__Exercise aim__:
It is required that the lines from the top of the listing through the line with "Gravure antique de" be reproduced exactly, excluding pictures.

__Dataset content__:

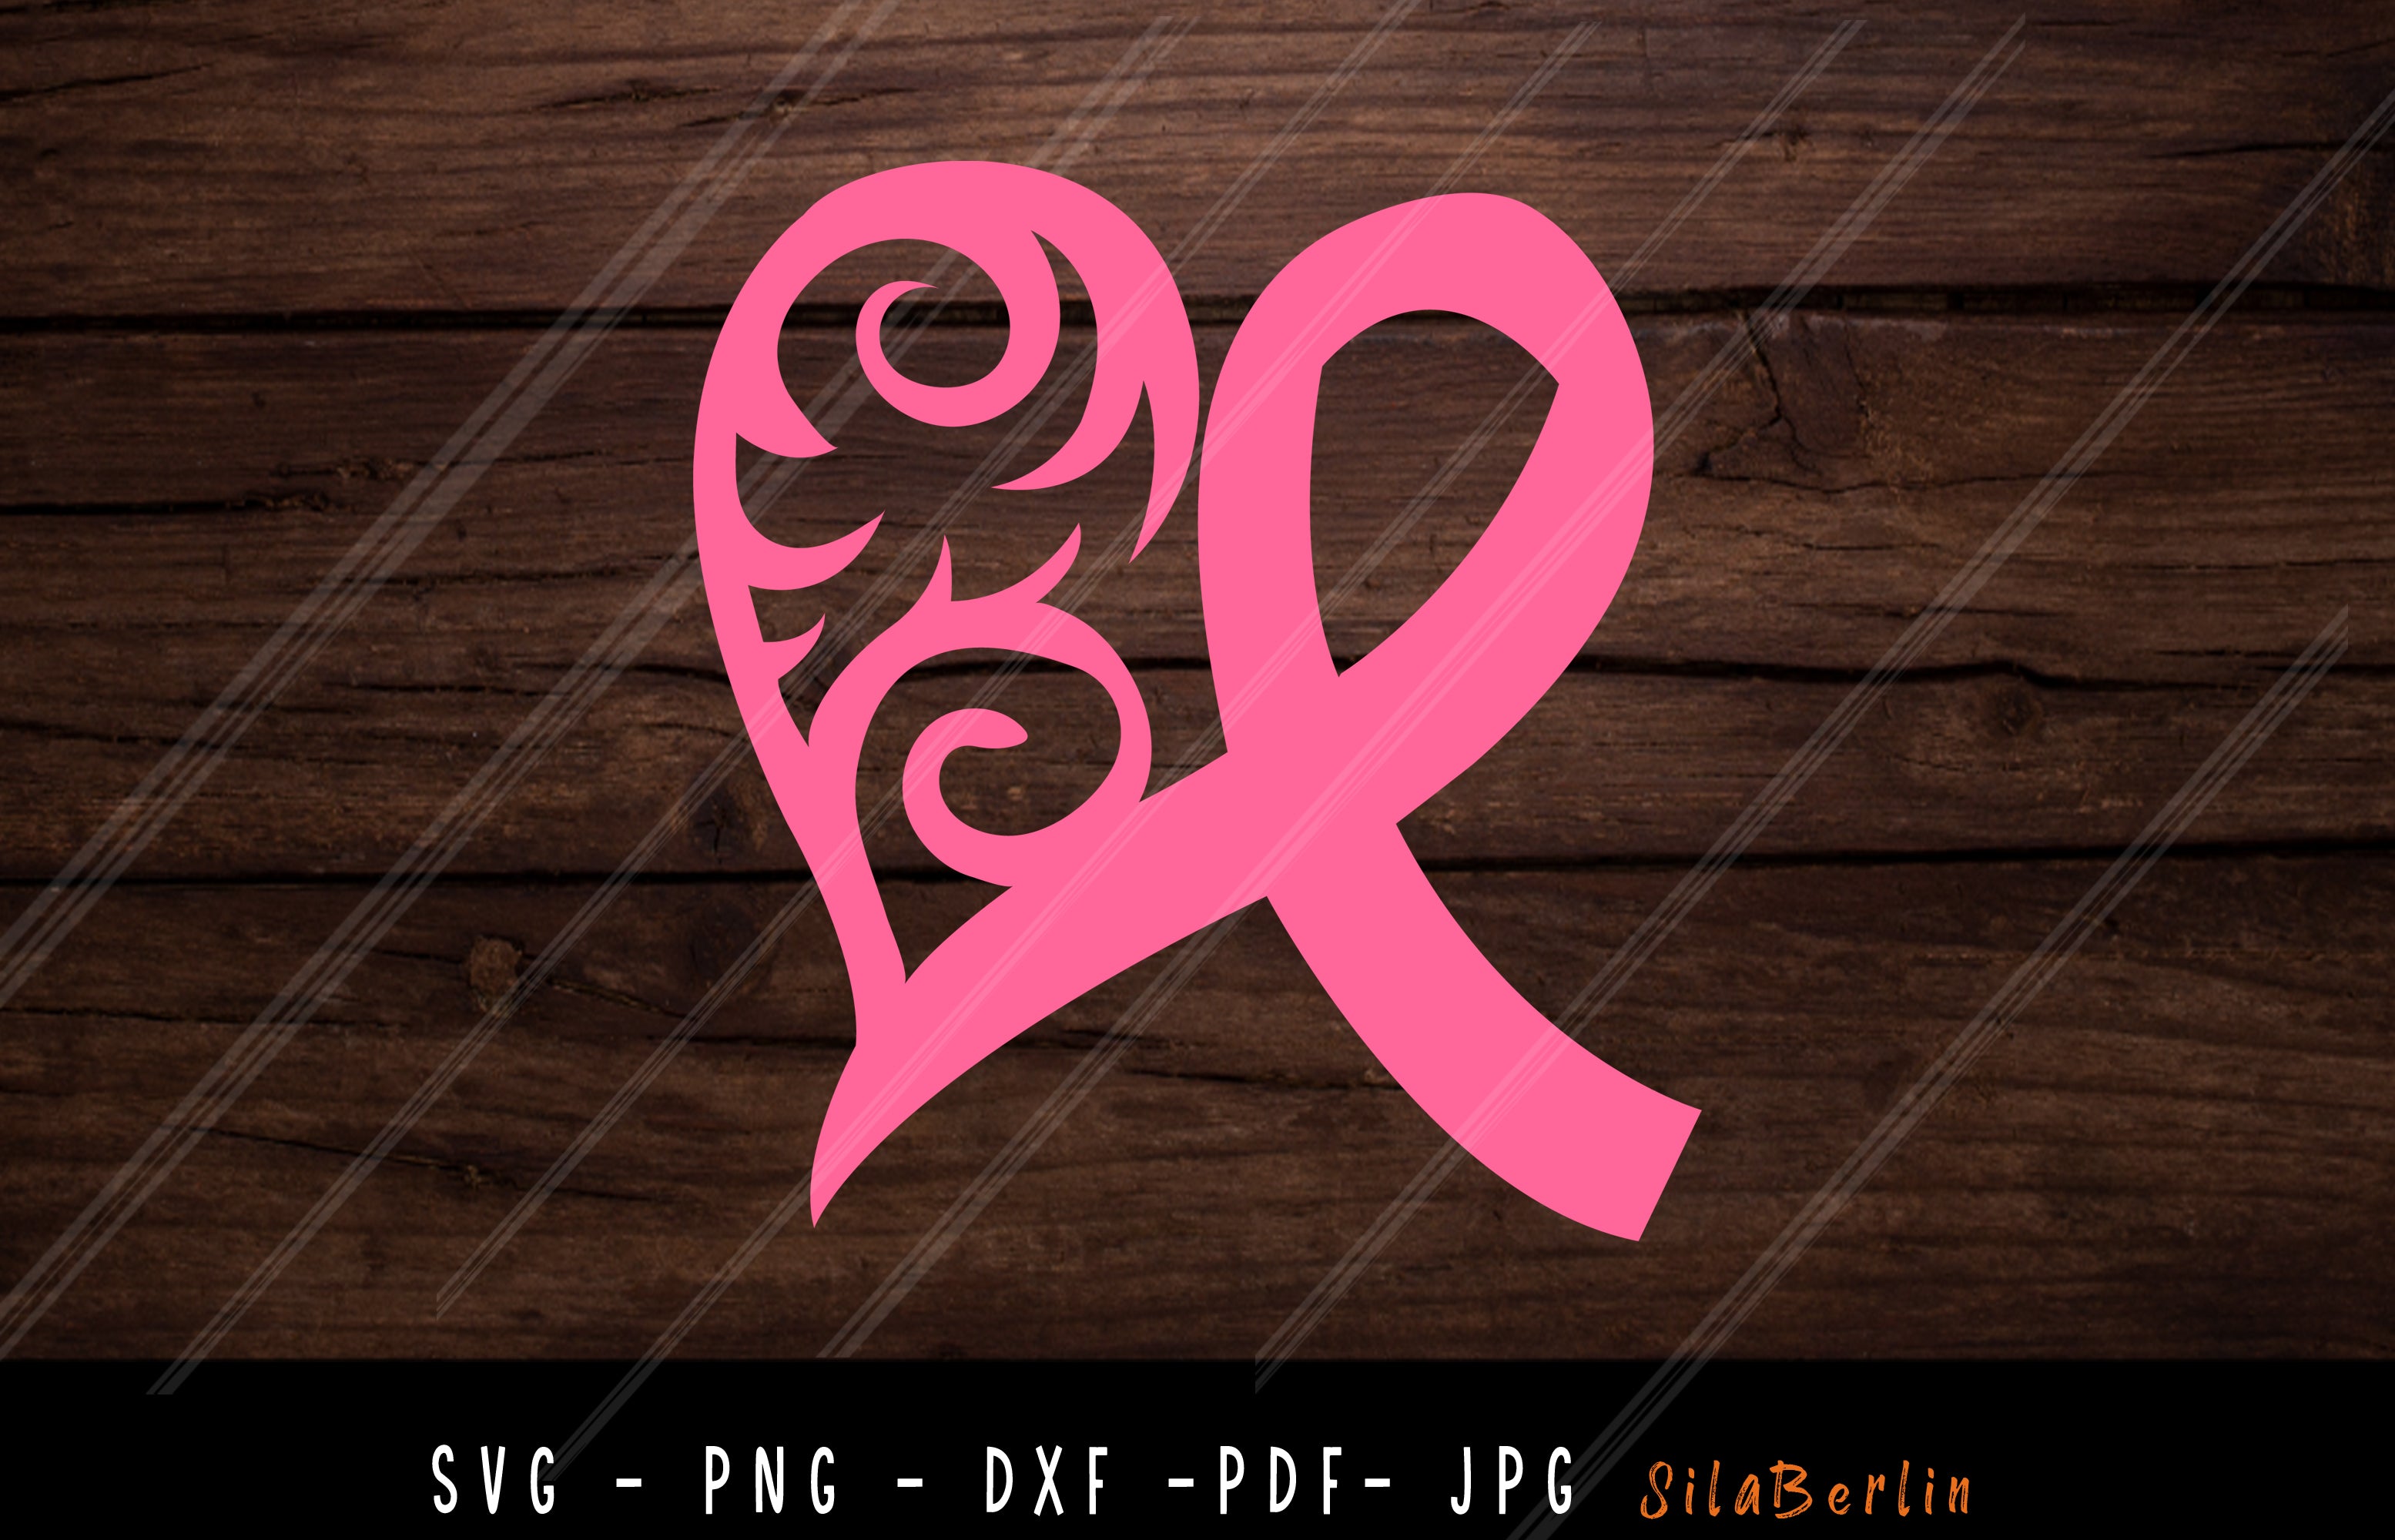 Crush Cancer SVG Breast cancer Awareness svg pink ribbon svg
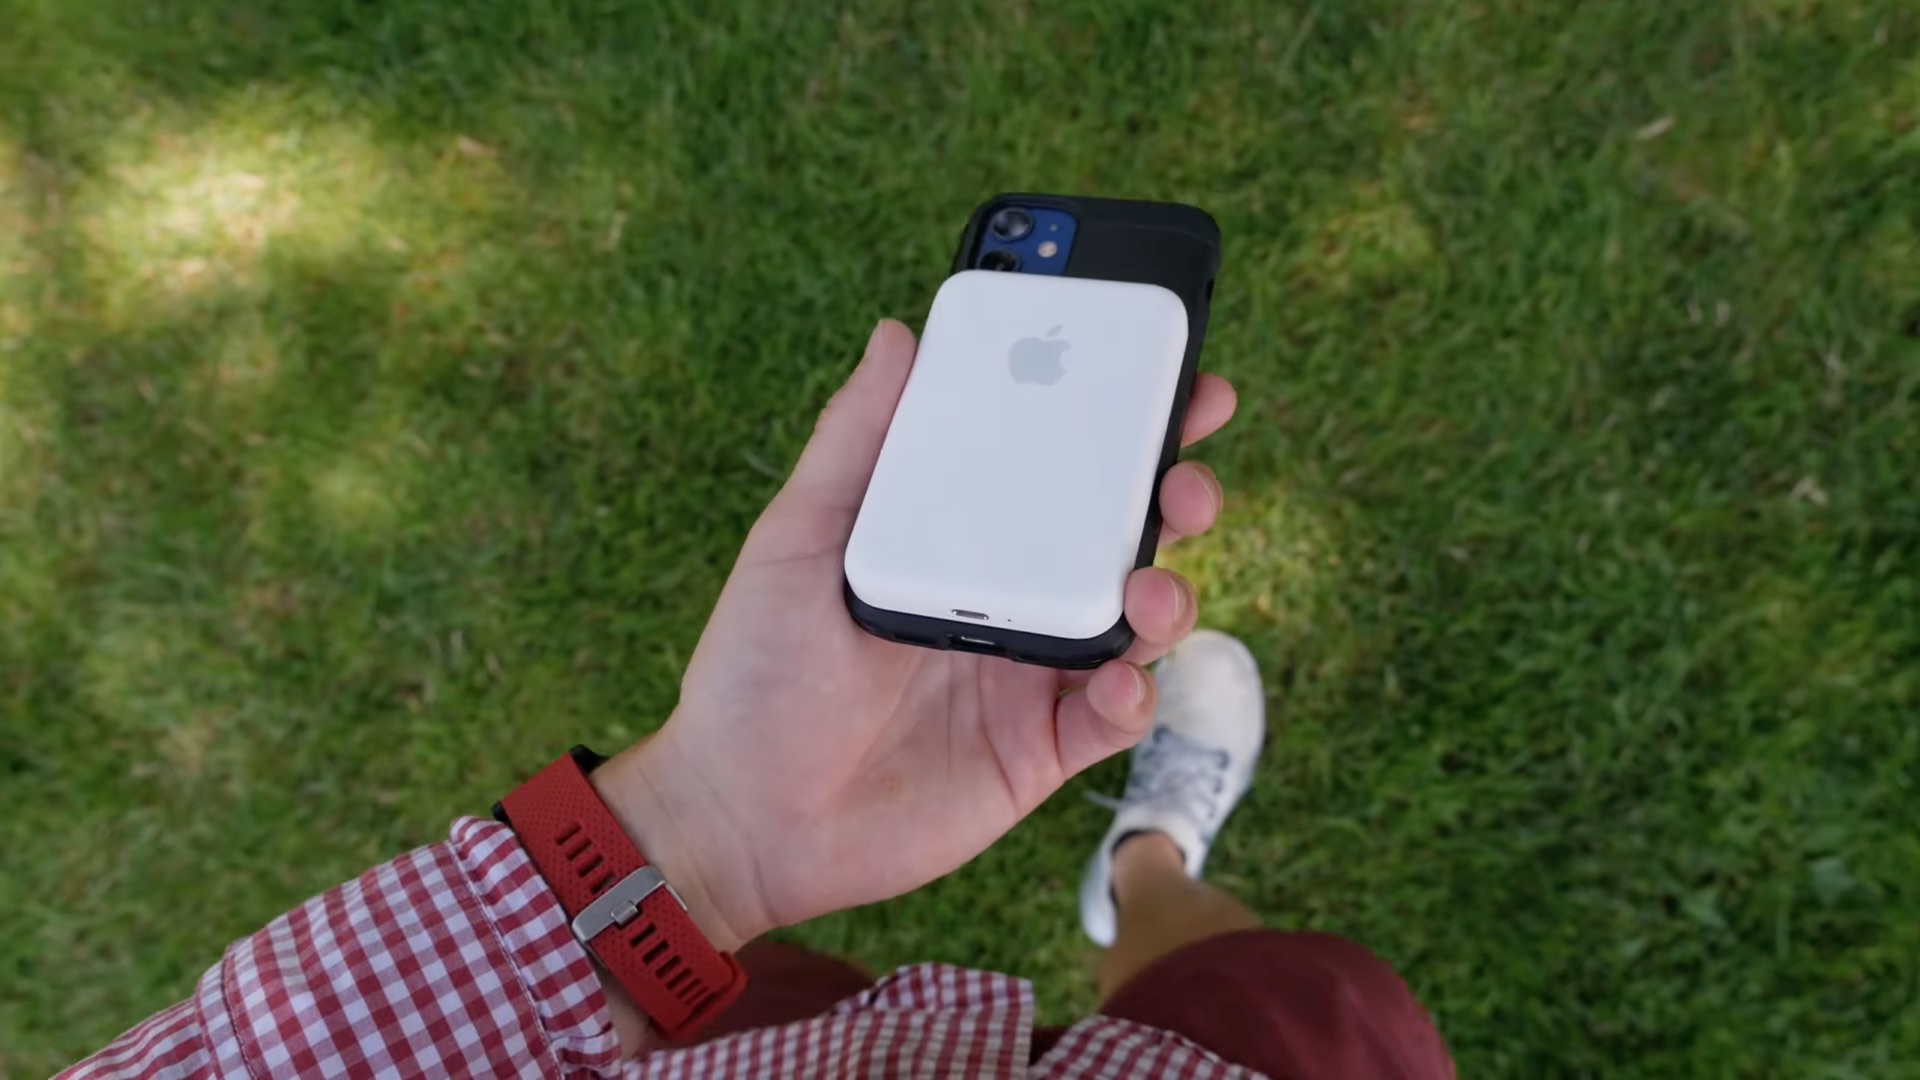 يُرى MagSafe Battery Pack من Apple عالقة في الجزء الخلفي من جهاز iPhone ، والذي يستريح في راحة يد شاب ، في هذه الصورة الثابتة المأخوذة من مراجعة فيديو iDB للملحق
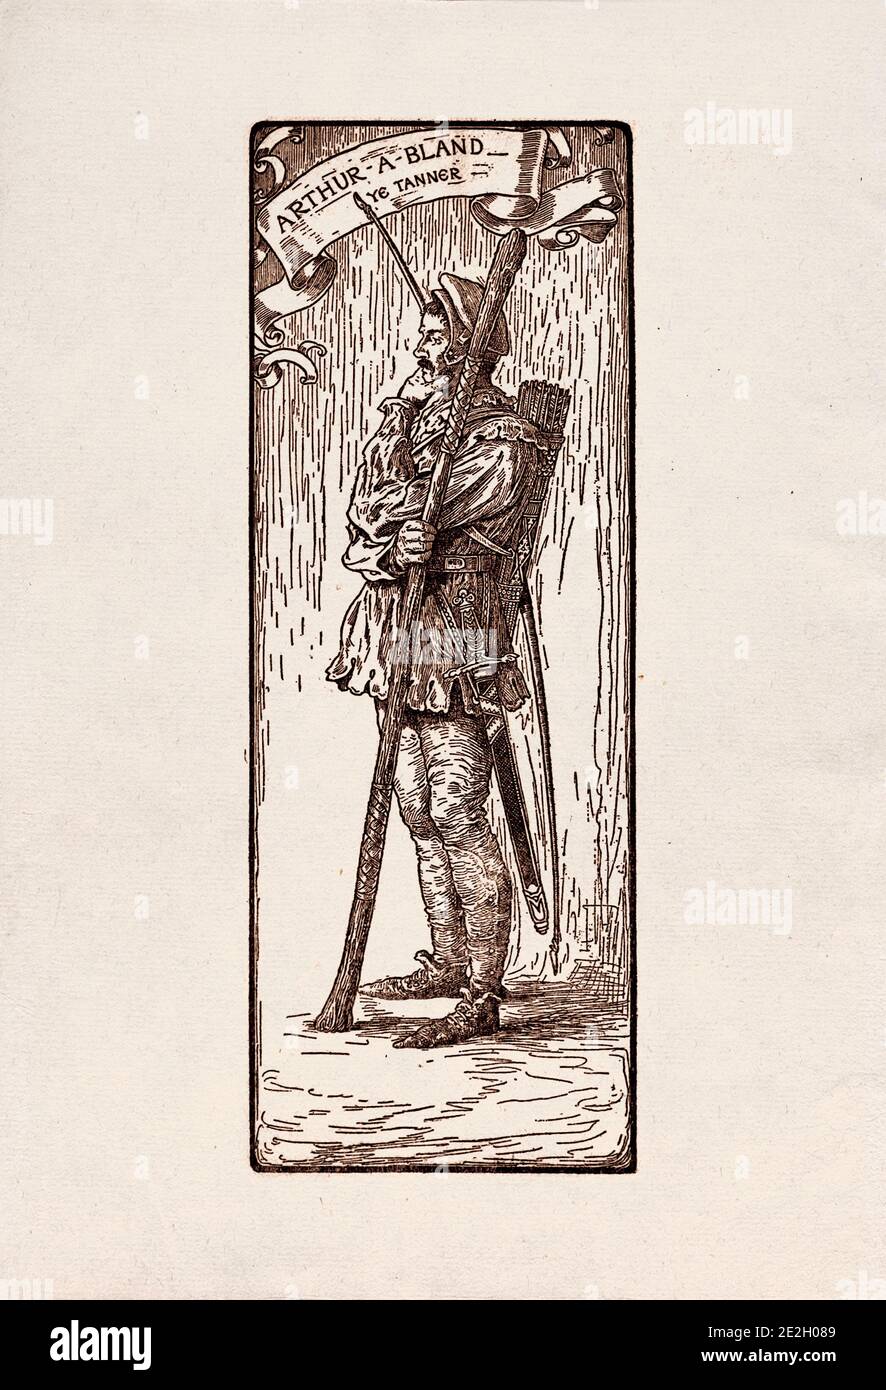 Gravure antique de personnages littéraires du folklore anglais des légendes Robin des Bois. Arthur-a-Bland. Le Tanner. Par Louis Rhead. 1912 Banque D'Images
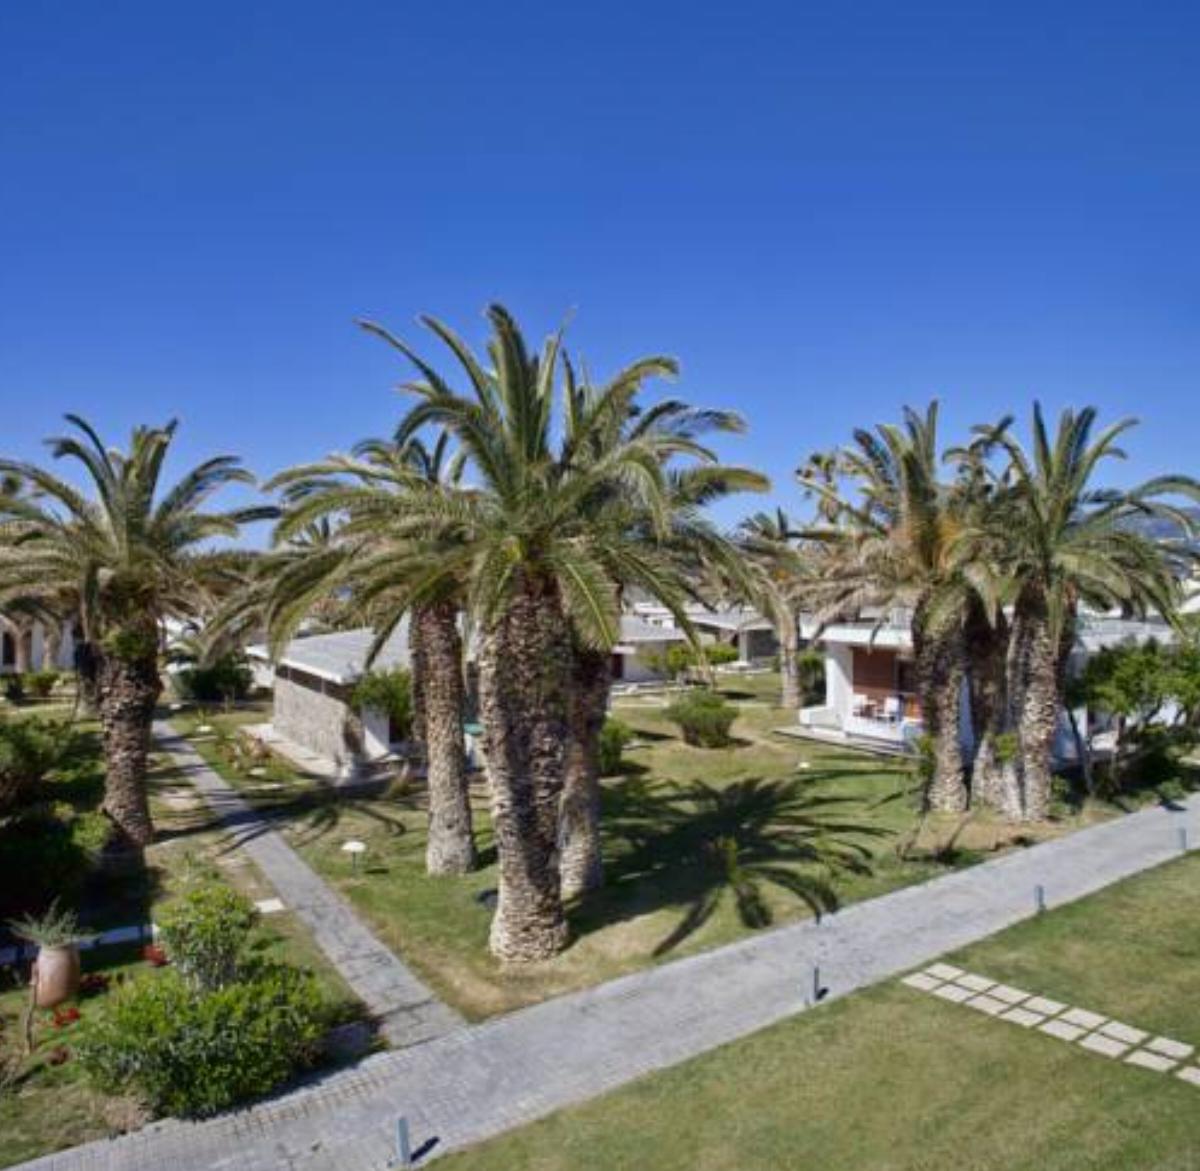 Civitel Creta Beach Hotel Amoudara Herakliou Greece

__Solution__:
 Crush Cancer SVG Breast cancer Awareness svg pink ribbon svg
 يُرى MagSafe Battery Pack من Apple عالقة في الجزء الخلفي من جهاز iPhone ، والذي يستريح في راحة يد شاب ، في هذه الصورة الثابتة المأخوذة من مراجعة فيديو iDB للملحق
 Gravure antique de personnages littéraires du folklore anglais des légendes Robin des Bois. Arthur-a-Bland. Le Tanner. Par Louis Rhead. 1912 Banque D'Images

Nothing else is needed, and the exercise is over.